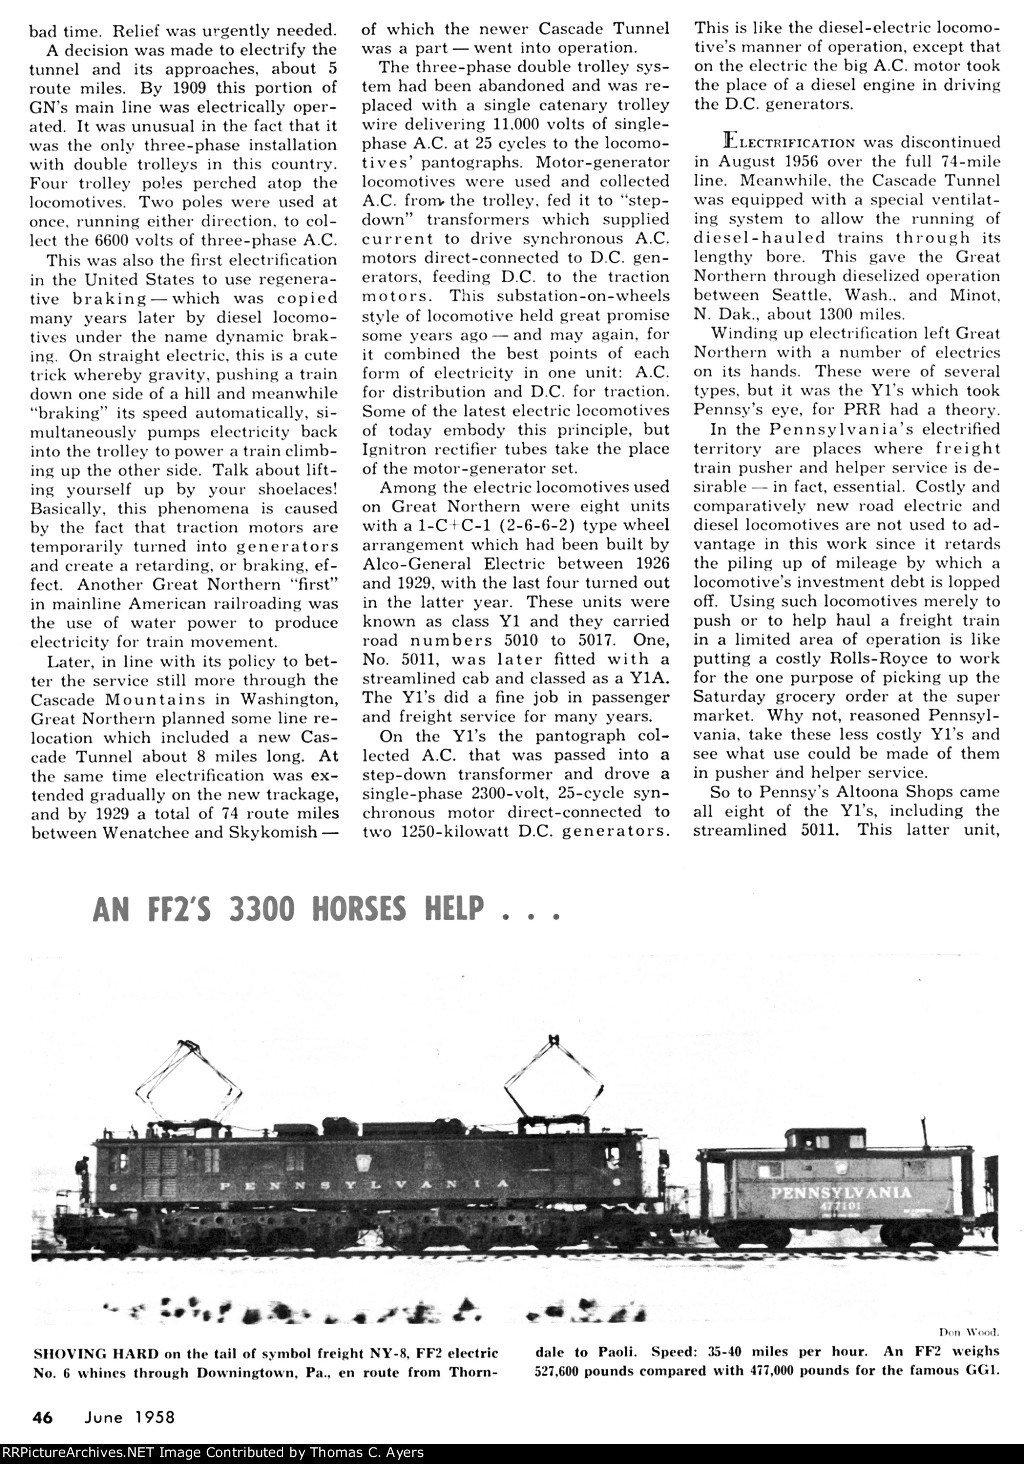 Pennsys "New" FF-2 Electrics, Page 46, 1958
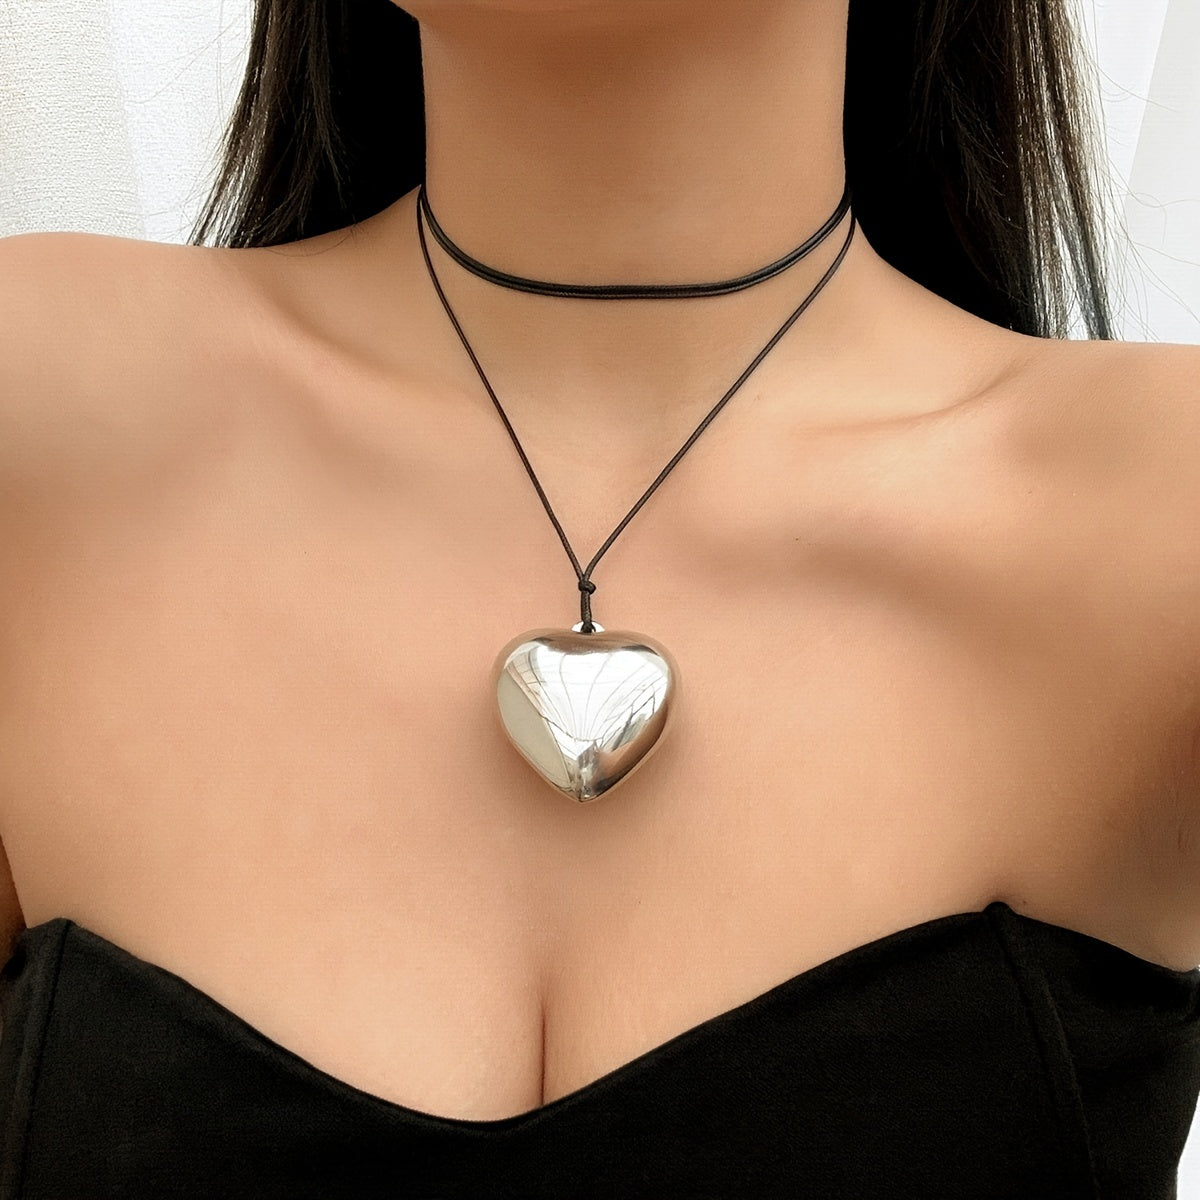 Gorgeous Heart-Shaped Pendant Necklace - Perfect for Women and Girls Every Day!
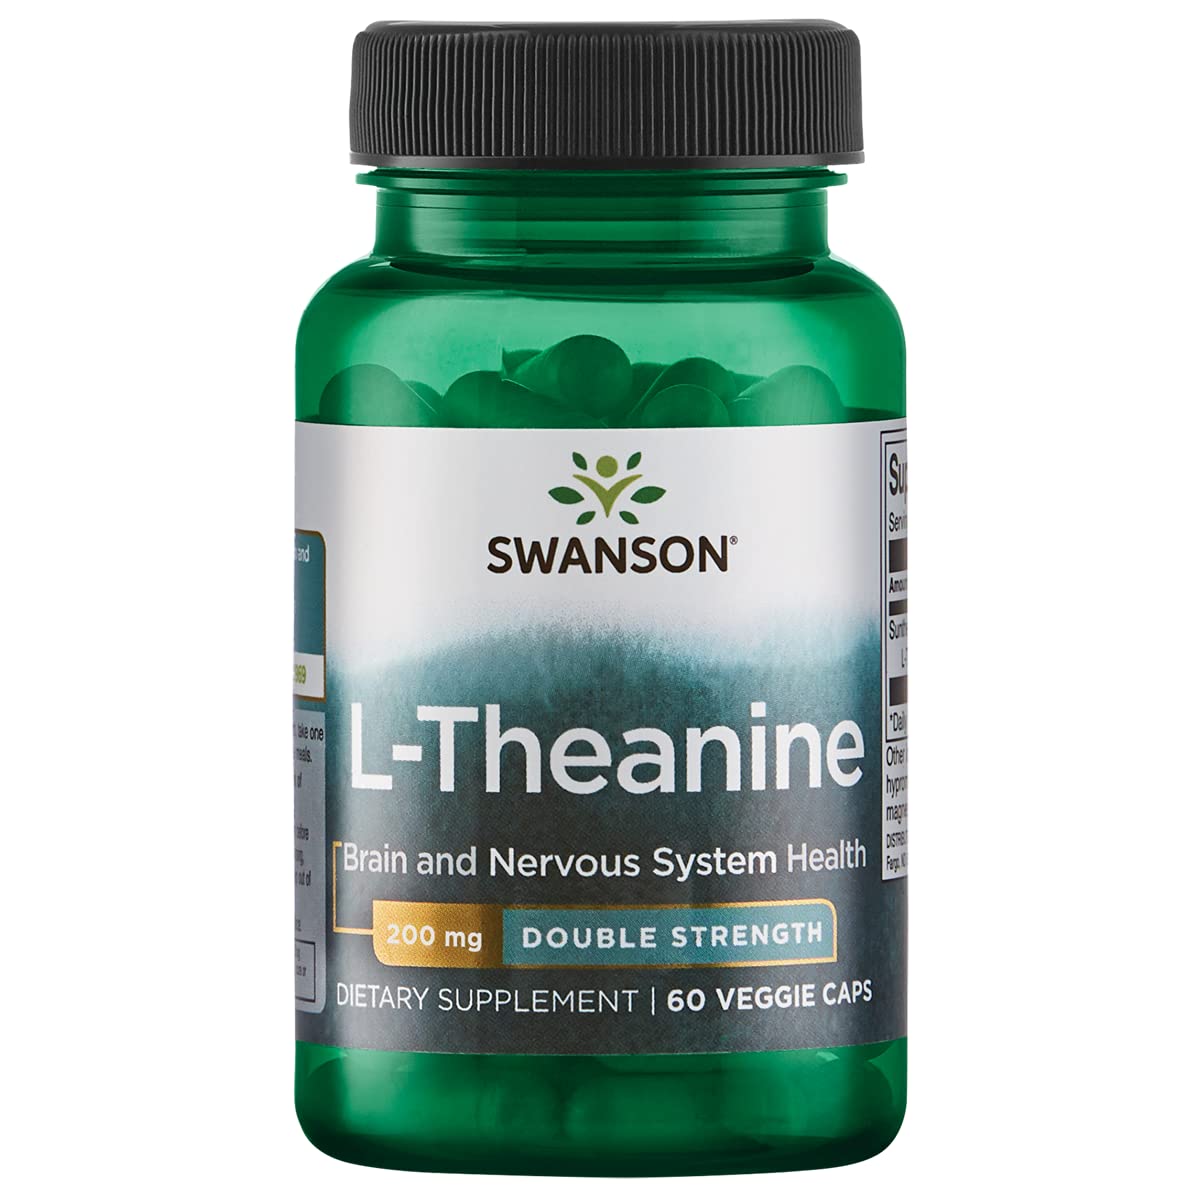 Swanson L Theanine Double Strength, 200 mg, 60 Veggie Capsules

════════════════════

Activity — No image belongs in the copy. Transcribe the full listing verbatim.

Output of the task —
 Pennsys "New" FF-2 Electrics, Page 46, 1958
 Gorgeous Heart-Shaped Pendant Necklace - Perfect for Women and Girls Every Day!
 Swanson L Theanine Double Strength, 200 mg, 60 Veggie Capsules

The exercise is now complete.